Absolutely. Further evidence of this comes from the flip side. The demagogues wouldn’t have a foothold if Americans weren’t so interested in hearing their nonsense. Take a listen to the way our politicians speak. Try to find any actual substance in the presidential debates last year. In fact, try to find anything other than pandering, sophistry, fact mining, and glaring logical fallacies. The tragedy of America is our political system.
It starts with our so-called leaders. Remember when President Bush mocked a reporter for asking a question in French? This is the general atmosphere I see everyday, particularly on cable news. Since when did it become risible to speak a second language?

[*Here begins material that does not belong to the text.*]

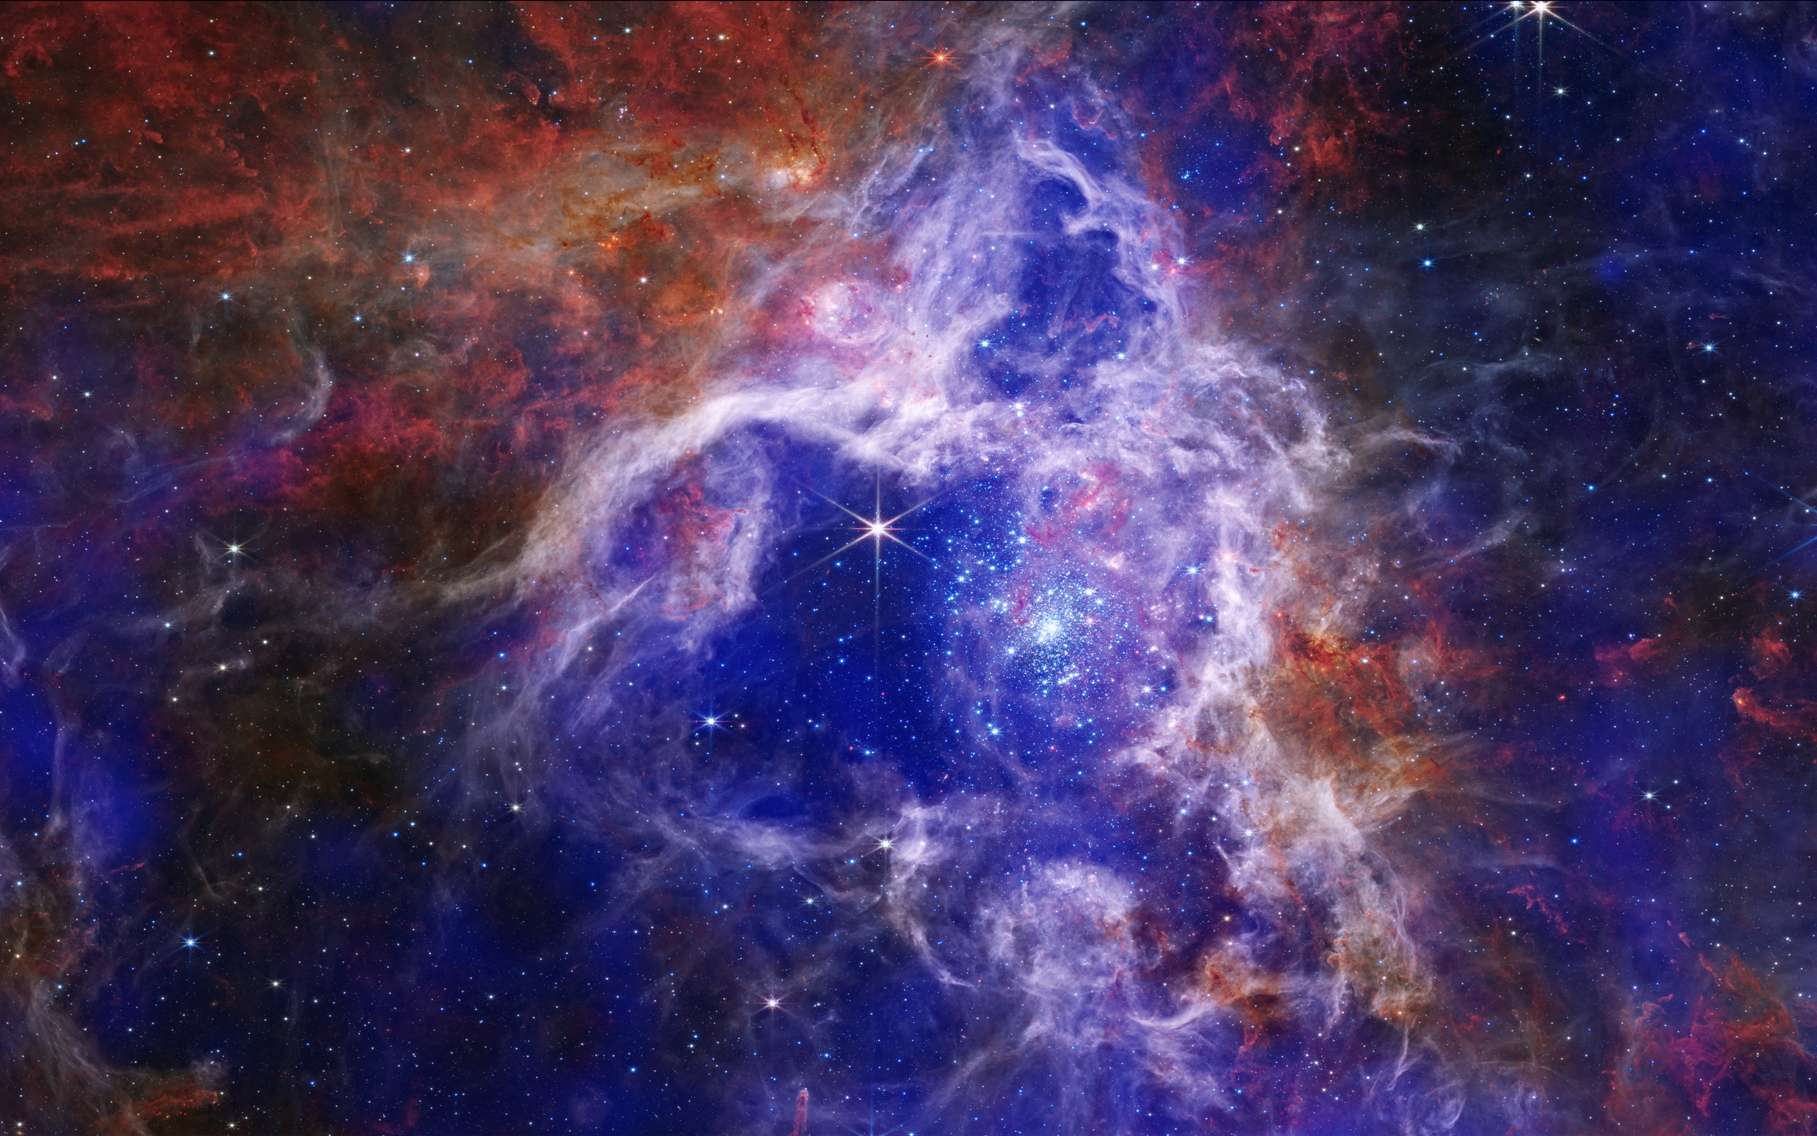 On a trouvé deux restes de supernovas imbriqués dans la nébuleuse de la Tarentule

Only in the realm of willful ignorance and the “home-grown wisdom” of the “good old folks.”
About half of all Americans don’t “believe” in evolution or think that it’s “just a theory.” (Disagreeing with the theory of evolution in either of those two ways shows a stunning lack of education in itself.) Worse, most of them don’t even know what they’re denying. They claim that creationism is a valid science, and in the same breath say that creationism is the “truth” taught by the Bible.
Then we have O’Reilly, who in this segment stated that since Sarah Palin had a fifty-five percent approval rating in Alaska, his guests have no right to say she did a bad job. Really? Is O’Reilly honestly saying that since a majority of people like Sarah Palin, that is evidence that she did a good job as governor? Obama’s approval rating is around fifty-five percent – is that indicative of how much good he’s doing this country? Should we gauge the condition of California by Schwartznegger’s approval rating?
What a grand idea for America: Let’s surrender to the opinion of a majority. Let’s stop looking at evidence, let’s stop using reason to figure out our problems, and simply side with whatever horde happens to scream the loudest or wield the most power. Let’s use feelings and emotions to run our economic system, let’s allow a Christian parent’s belief to determine what should be taught in science classes. Even better, let’s allow others to vote our individual freedoms away.
The only guage is evidence, O’Reilly. Whether Ms. Palin left the state in a better condition or not. That’s it. She either did or did not, but an approval rating will not discern this. People’s opinions and feelins are utterly irrelevant when it comes to evidence. People’s opinions and feelings do not change reality.
What a beautiful example of the ignorant and dangerous demagoguery that Ms. Wolf pointed out to O’Reilly. Too bad he didn’t listen to her.